Here, a large portion of energy consumption is dominated by two components: dynamic power and 
leakage power. To extend the battery life various technology-based, architecture-based, and circuit-based 
solutions that reduce the sum of the two power components without sacrificing the performance have to be 
developed. As a result, based on extensive research, varied design methods are presented over the years to 
meet power, and speed design requirements. Among them, one of the most emerging approaches is 
approximate computing to handle the market demands and maintain performance with high power efficiency. 
However, computational accuracy gets affected in the lowest manner [2]. This approach is built specifically 
for the application in which the set of approximate answers is acceptable. 

At the technology level, feature size scaling has continuously brought lower power circuits by 
reducing the supply voltages. To retain performance, the threshold voltages of these circuits have also been 
reduced with technology scaling. However, in recent technologies, the benefits of constant-field scaling have 
been compromised by an exponential increase in the leakage current. On the architectural level, pipelining 
and parallelism have helped in lowering the power consumption of digital circuits. Besides, in the current 
complementary metal-oxide-semiconductor (CMOS) technology, the benefits of device scaling are impeded 
by reliability issues due to process variations, aging effects, and soft errors. Leakage current and static power 
are increasingly adding to the concerns about achieving low power consumption. Hence, the device scaling 
which once used to offer advantages for low-power applications is no more attractive and hence, new 
architectures need to be evolved to achieve low power consumption. Thus, a new paradigm, the design of 
approximate computation blocks is introduced to help in providing the simplification of the arithmetic unit 
circuits [3]. Many researchers have provided their efforts in designing approximate adders with varied 
structures [4]-[14]. However, most of the provided adders are approximate and massively advantageous for 
the applications like error resilient. On the other side, in these proposed adders a constant level of deviation is 
observed from the actual result. This shows that at the time of system processing, the accuracies are not 
tunable. Therefore, accuracy re-configurability can be an important and advantageous feature at the time of 
processing (Runtime) with varying levels of quality of service at the time of operations [4]-[6]. By 
compromising quality, the performance of computational time and power consumption can be minimized. As 
a result, energy efficiency can be improved. 
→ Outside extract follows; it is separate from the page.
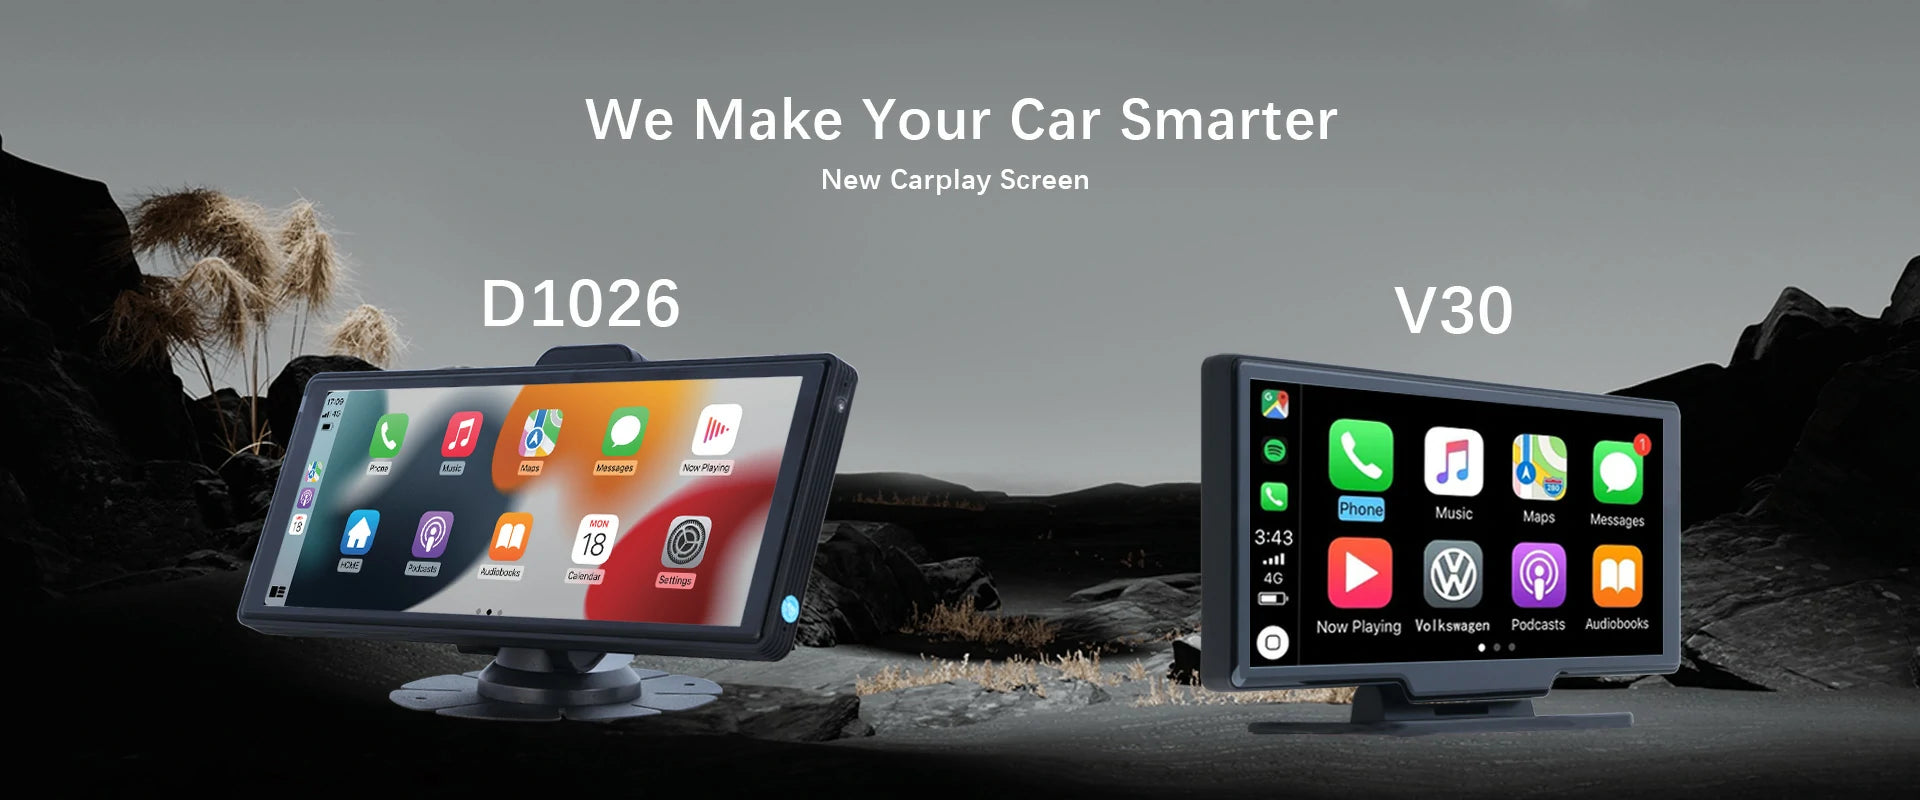 carplay-screen-dash-cam-make-your-car-smarter

Furthermore, most of the modern graphics processors for multimedia and other applications have 
dedicated digital signal processing (DSP) blocks. These applications output an image, video, or audio signal 
and the limited perception of human senses allows for an approximation of the computations involved in the 
demanding DSP algorithms for these applications [2]. Even an analog computation that yields good enough 
results instead of accurate results are also acceptable [4]. The addition is the most fundamental and 
significant mathematical operation used in all signal/ image processing applications [5], [6]. Deterministic 
approximate logic or probabilistic imprecise arithmetic are normally employed for soft adders [7]. In 
addition, Low-power designs through approximate computing have been proposed using Algorithmic Noise 
Tolerance [15], [16], non-uniform voltage over scaling [17], and significance driven computation [18], [19]. 
Verma et al. [7] proposed a novel adder design that is exponentially faster than traditional adders called an 
almost correct adder (ACA) and a variable latency speculative adder (VLSA) with an area overhead. Other 
adder configurations meet the real-time energy requirements by complexity reduction at the algorithm level 
[20], [21]. The lower part or adder [22] is based on an approximate logic with a different truth table than that 
of an original adder. Probabilistic full adder (PFA) [23], [24] is based on probabilistic CMOS, a technology 
platform for modeling the behavior of nano-metric designs as well as reducing power consumption. 
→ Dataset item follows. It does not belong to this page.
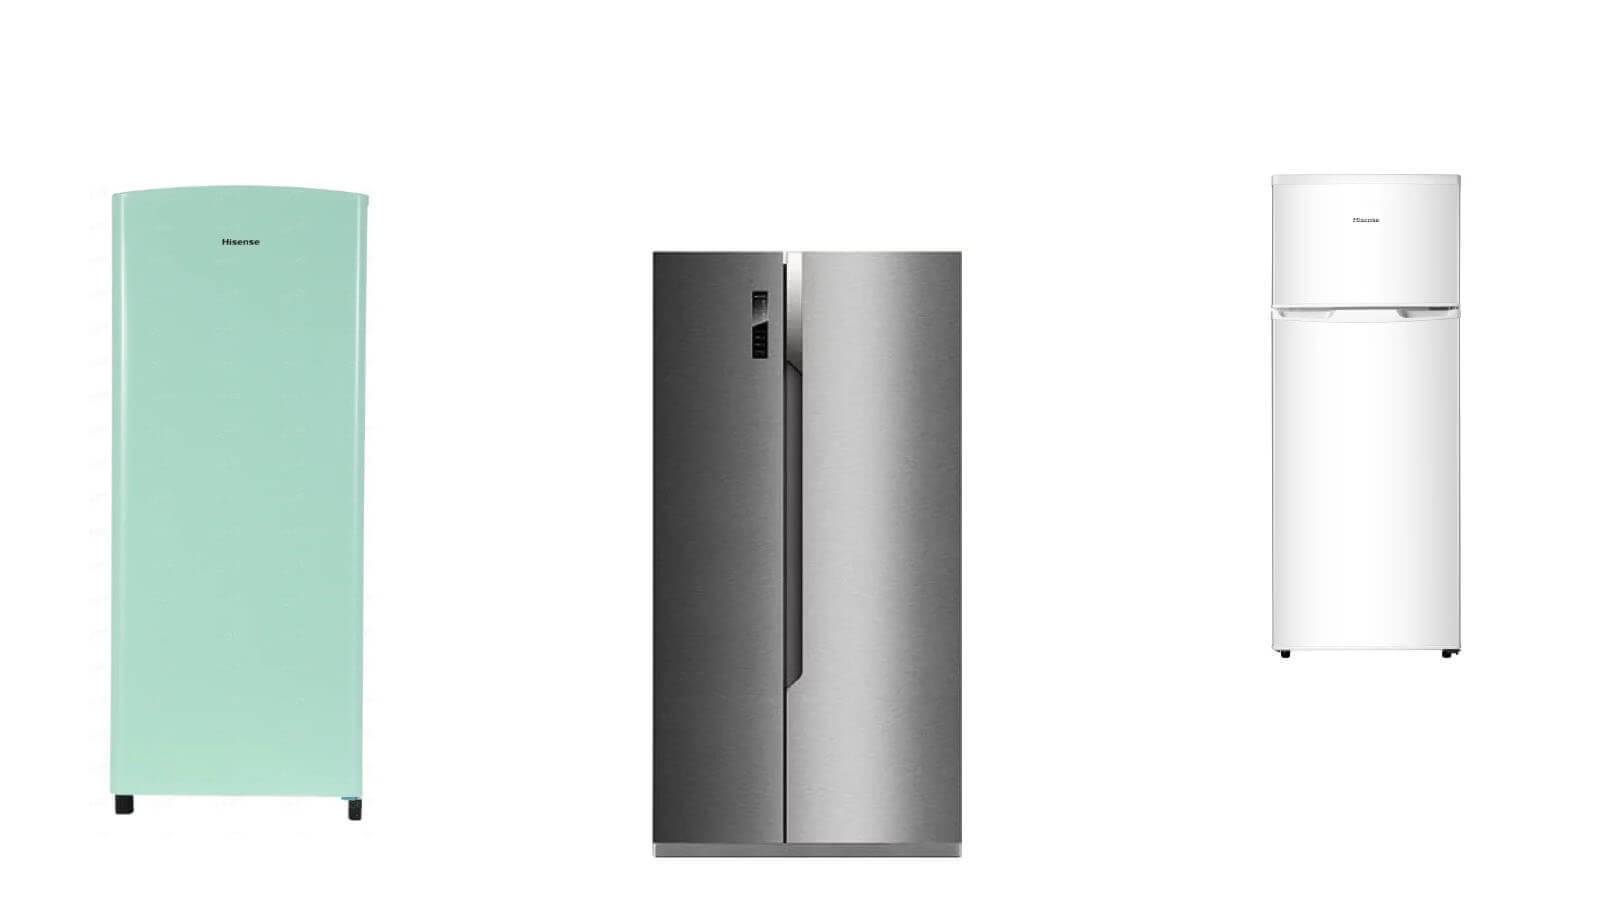 Атлант, бирюса, indesit – какой холодильник лучше и почему

Additionally, for both exact computing and approximate computing, general-purpose processors are 
also utilized in some digital systems. In these processors, mandatorily dynamic switching capabilities are 
induced to switch between exact and approximate computing. A correction unit can be added to the design 
circuit for incorporating this feature so that switching between approximate and exact computing can be 
performed easily. However, the delay, power, and design area overhead can be increased by the incorporation 
of a correction unit. On the other side, processing can be slowed down by the adoption of an error correction 
circuit, which requires more than one clock cycle [7], [8]. 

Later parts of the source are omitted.